Between-and-within variability for calibration coefficient measurements over a 2-year timeframe: low-cost Airbeam 1 and Airbeam 2 particle sensors.

Least square mean differences in calibration coefficients for low-cost particle sensor types

We conducted a DID model approach for repeated measures and characterized the least square mean differences [(MD (95% CI)] spanning from 2019 to 2021, for each low-cost particle sensor type (Table 2). Among Airbeam 1 sensors, the degree of inter-monitor change over time was statistically significant across all four time points, apart from change between the second and third timepoints [(-0.05 (−0.23, 0.14)] (p = 0.6). Among Airbeam 2 sensors, the degree of inter-monitor change over time was only statistically significant between the second and fourth timepoints [(0.62 (0.46, 0.78)] and between the first and fourth timepoints [(−0.60 (−0.76, −0.44)], but not statistically significant between the first and second timepoints [(0.02 (−0.14, 0.18)] (p = 0.8).
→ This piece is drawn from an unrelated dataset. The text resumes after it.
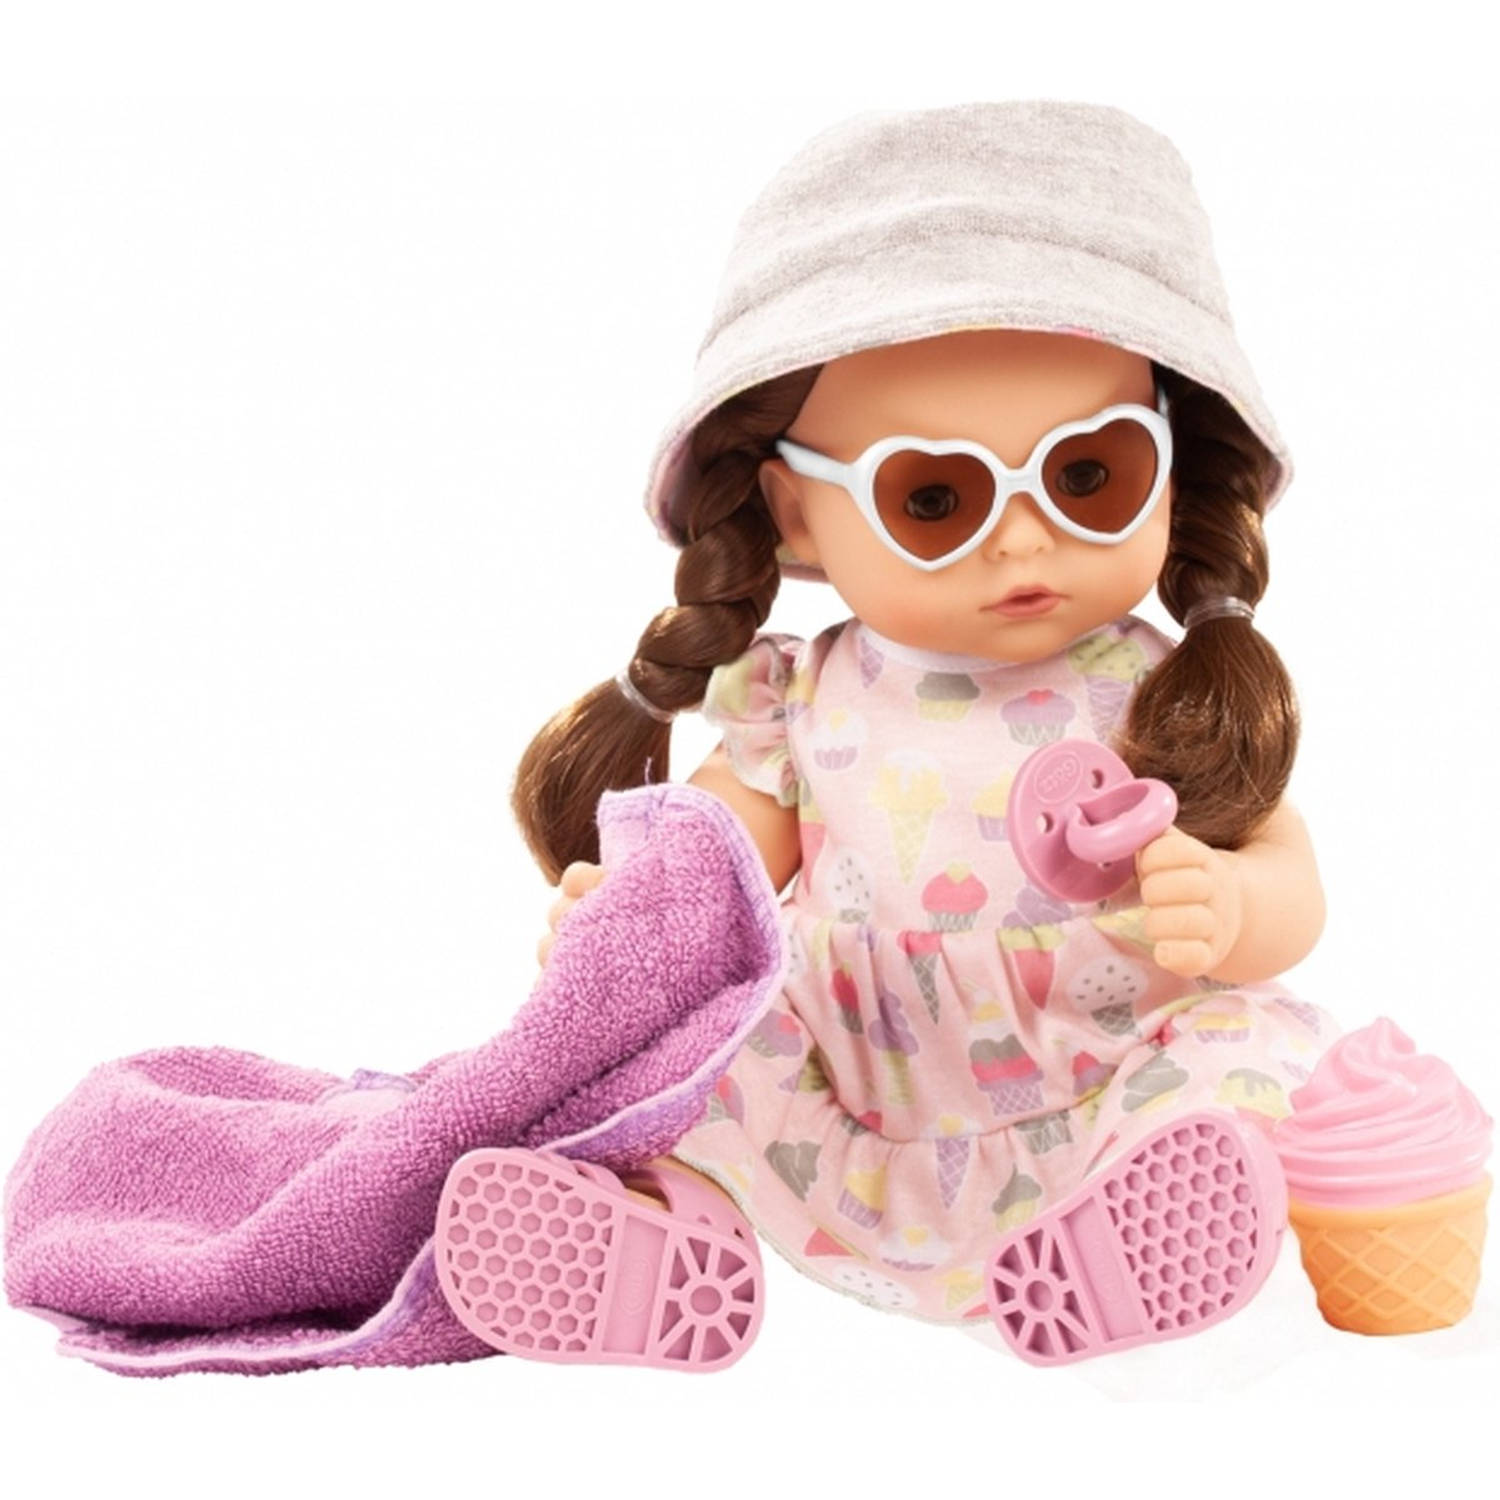 Götz badpop babypop maxy aquini ijsco 42cm incl ijsje, handdoek, zonnebril

We calculated the inter-monitor change over time among three timepoints only for Airbeam 2 sensors due to a calibration malfunction from December-March 2021.

Table 2.

Characterization of the least square mean differences for each low-cost particle sensor type over a two-year timeframe, 2019–2021.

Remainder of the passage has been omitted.